Don’t you love it when you are asked, “Where do you see yourself in the next few years?” Like you have a crystal ball and can really know that! It’s not a trick question but it does give the recruiter or hiring manager a sense of where your head is at and whether you are a long or short-term player. It’s nice to know where you are going let alone where you’ll end up in a few years. Yeah, you can say you want to be President or have the corner office or be making over $100K a year! But really, is that the right question to be asking a prospective employee? Where you see yourself in the future has little importance compared to where you see yourself TODAY!

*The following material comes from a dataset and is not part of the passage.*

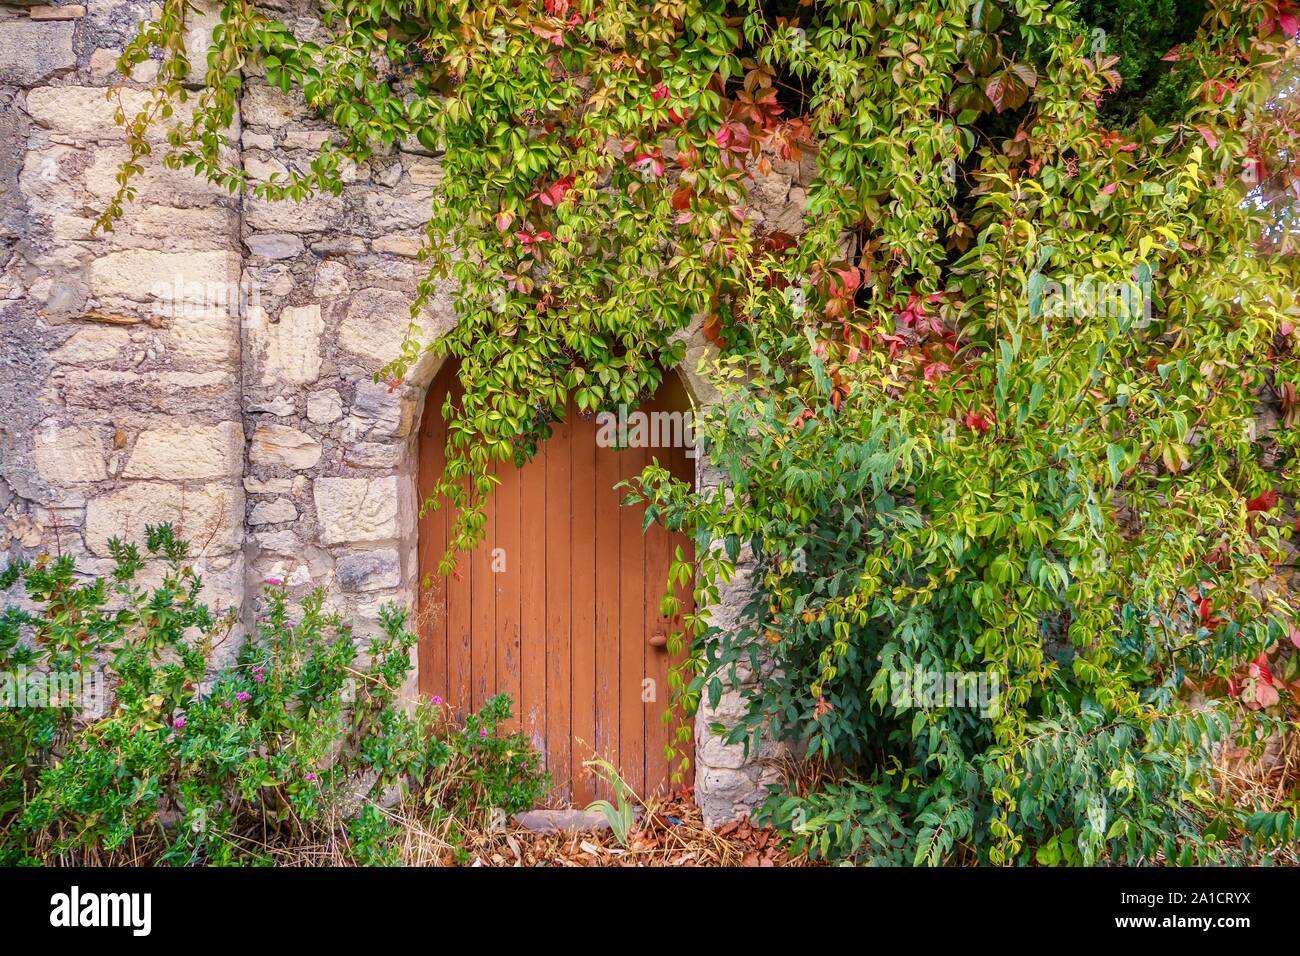 Street view of an old stone house entrance in Provence, France, where a vintage round top door and wall are partially covered by pretty climbing vines Stock Photo

Knowing where you are going in the next 3-5 years in your career should not throw you or anyone else off course when someone dares to inquire. Retirement might be nice but that might be a luxury these days rather than a tangible goal! Here are a few ways to address the question of where you see yourself without necessarily revealing anything you are not ready to:
- 1. “I’d like to be promoted”: Having career ambition is not something to be ashamed of. Having unrealistic expectations on when and how to get there might be. Be specific about your desire to move ahead without letting someone believe you are not prepared to do the hard work in order to get there.
- 2. “I want to run my own company”: Knowing when you are ready to go out on your own might be something you decide to keep to yourself. It’s not important for a hiring manager today to know what your long-term aspirations are especially if they have nothing to do with the job you are in or you are considering applying for.
- 3. “I want to earn an advanced degree”: Looking towards furthering your education by earning a degree or advanced degree is a lofty goal to have but you have to ask yourself is it relevant to your current position? If the answer is yes, then by all means share your goal with the hiring manager, if it’s not, then there is no point in letting someone who is hiring you today know what your education goals are for the future particularly if it does not concern your current job.
- 4. “I want to travel around the world”: Well, I guess one response might be, “Who wouldn’t” but come on, do you have to share that with someone who is only focusing on whether you’ll show up for work on time rather than whether or not you’ll be able to get your passport updated in time for your world travels! Keep that one to yourself please.
- 5. “I don’t know?” Honest as that one is, it’s okay to not know where you will be in 3-5 years but a better way to answer that one might be that you hope that you will be further along in your desired career and working with a company and people that truly challenge you to continue to grow and to learn. Now doesn’t that one sound much better even if it’s not stating a whole lot?
While you may not know exactly where the road will lead in the next couple of years, being prepared with an answer that does not throw you off course in your answer is wise especially when frankly, you may not be that sure.